# Small schoolers for 20L Krib tank?



## Dexter. (Oct 23, 2012)

I recently got what is believed to be a pair of Kribs from a friend of mine. He was looking for something interesting in his community tank and someone at his LFS gave a bit of misinformation about keeping them in a large community, so he needed to re-home them as their terrorizing of other fish was a bit of hassle for him  Anyway, I set the 20L up for them and have a few plants in there as well as a long piece of drift wood to act as their little territory (which is working nicely)...but I'm looking to get a few tetras or something in there with them. I did a fairly large water change yesterday and they proceeded to court with each other in an aggressive manner for quite some time. There were a few lip locking sessions as well. Now assuming they're male/female and a pair I'm expecting to see eggs soon if my understanding of their behavior is correct :dancing: I know adding some dither fish can strengthen a pairs bond as well.

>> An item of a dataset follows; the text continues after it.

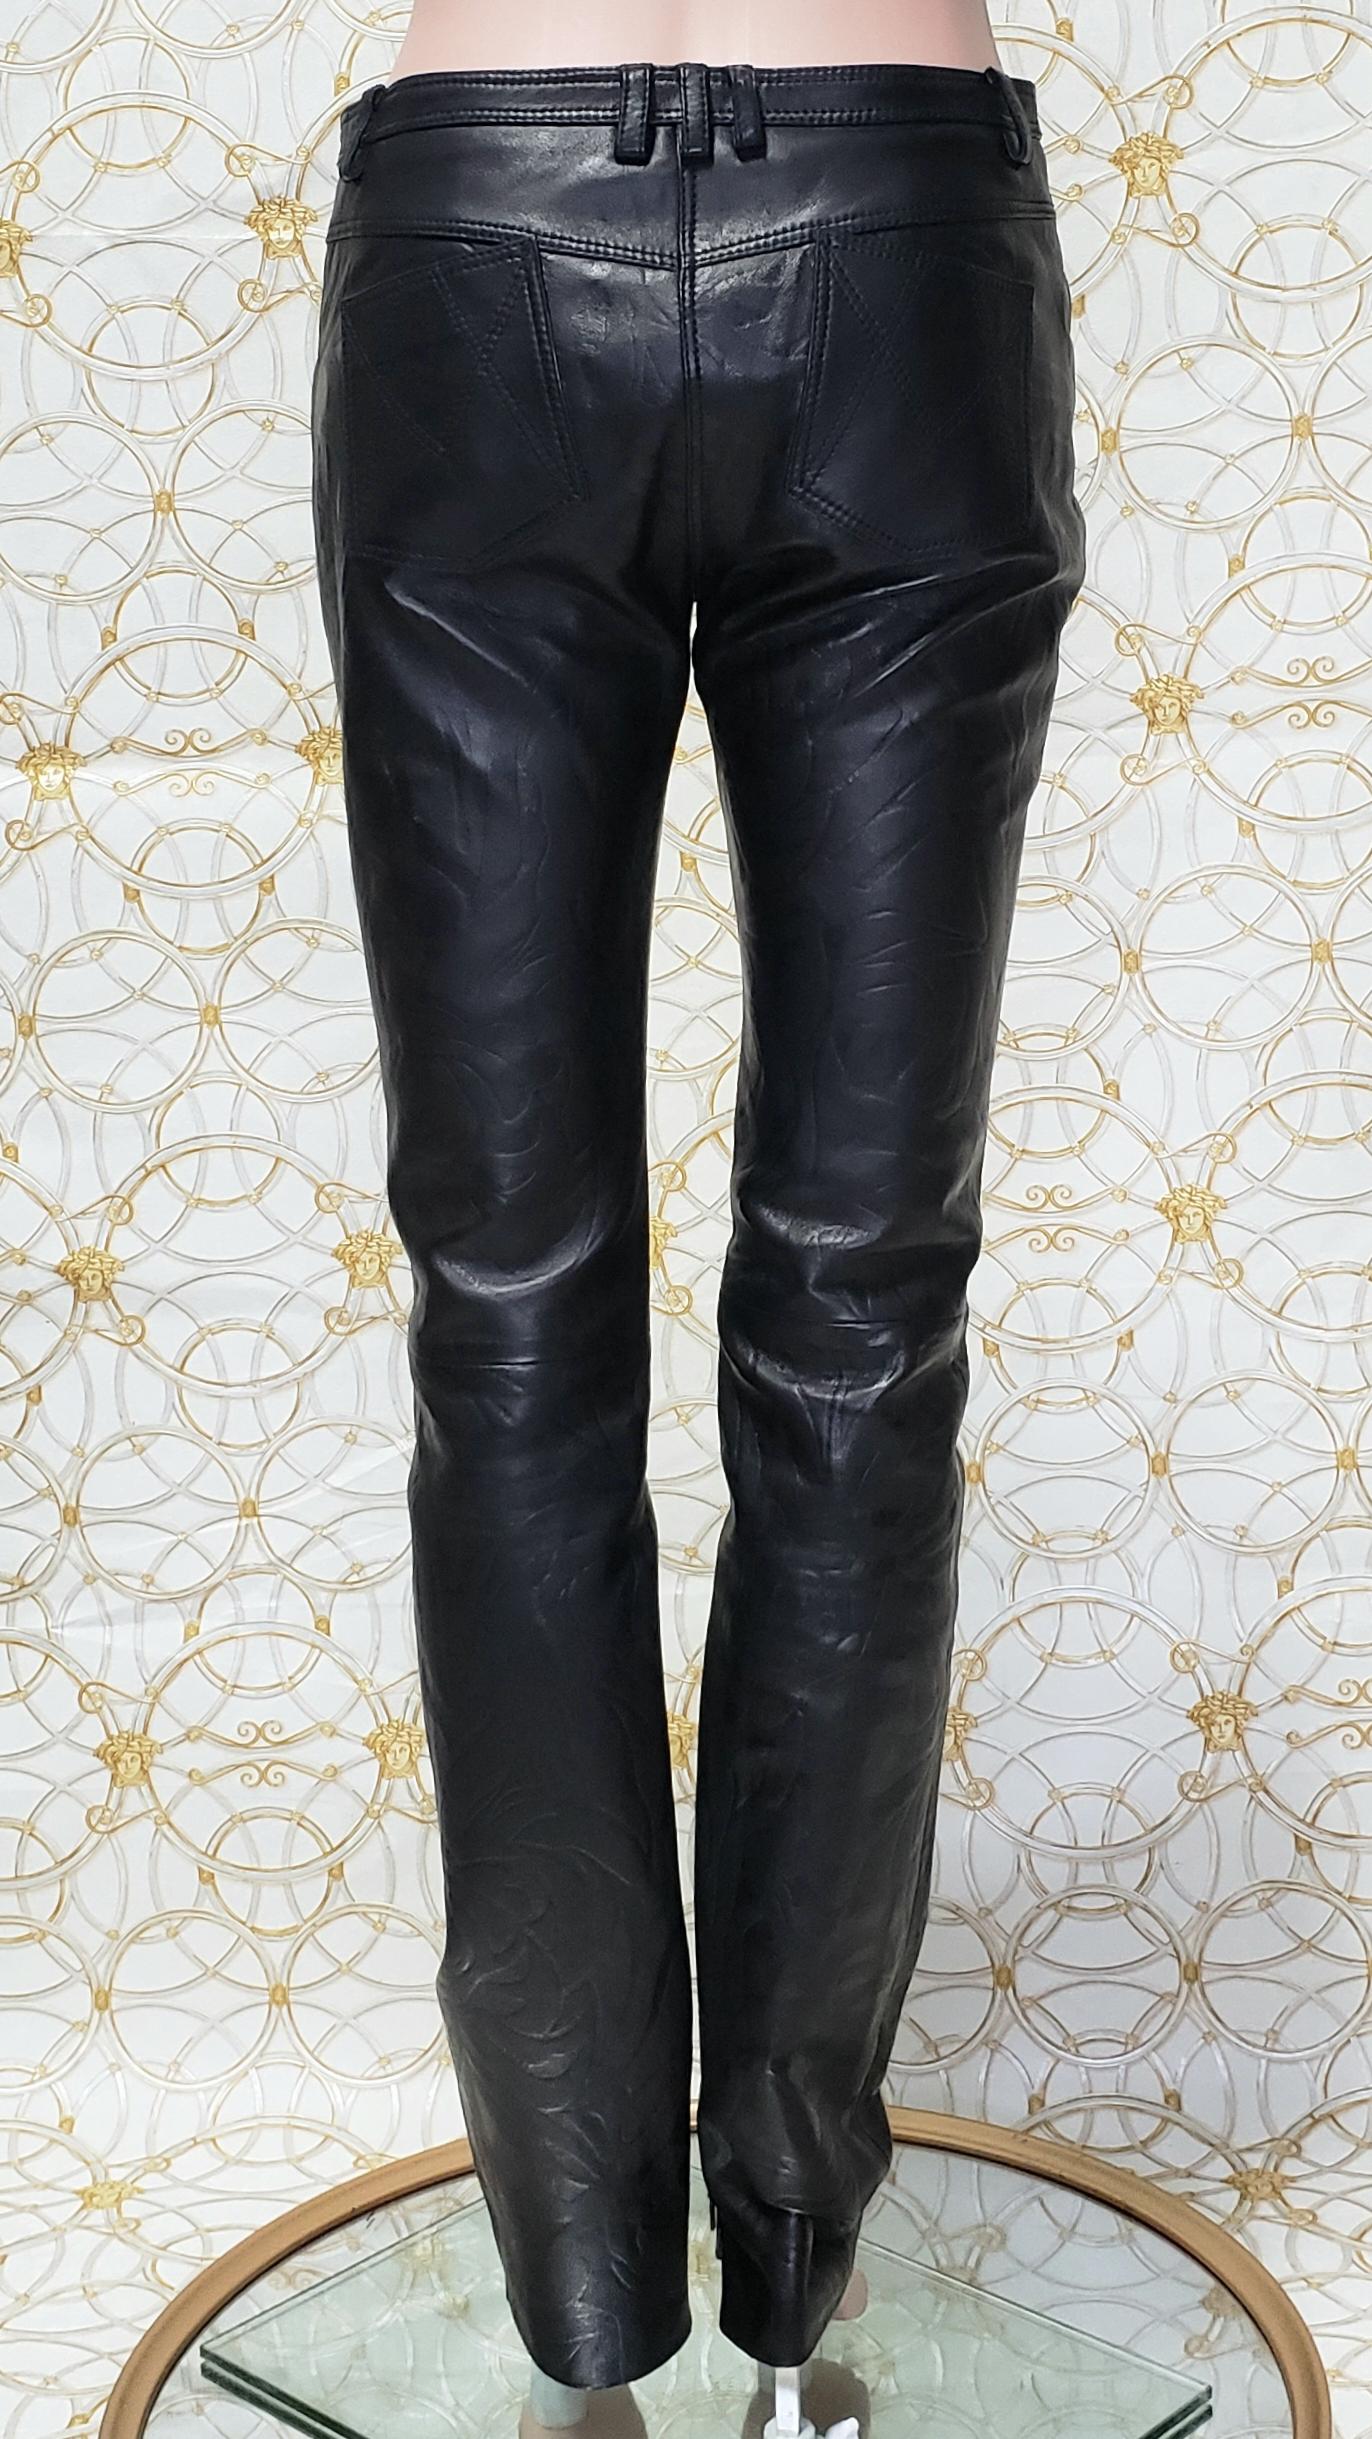 S/S 2014 Look # 35 VERSACE BLACK LEATHER FLORAL PRINT PANTS size 38 - 2 For Sale 1

Does anyone have any experience with what would be a nice addition to the tank? I'd like something that won't get too big, and something that will generally leave the Kribs/fry alone and can be fought off fairly easily. I know Kribs are supposed to be good parents.

Also, I good bottom feeder would be nice for some cleaning up...but I'm just afraid a pleco of some kind would find eggs to be a nice snack  . Someone told me an upside-down cat wouldn't be a bad idea but I was under the impression they could get pretty big?

Any helpful input would be appreciated, thanks :thumb:


----------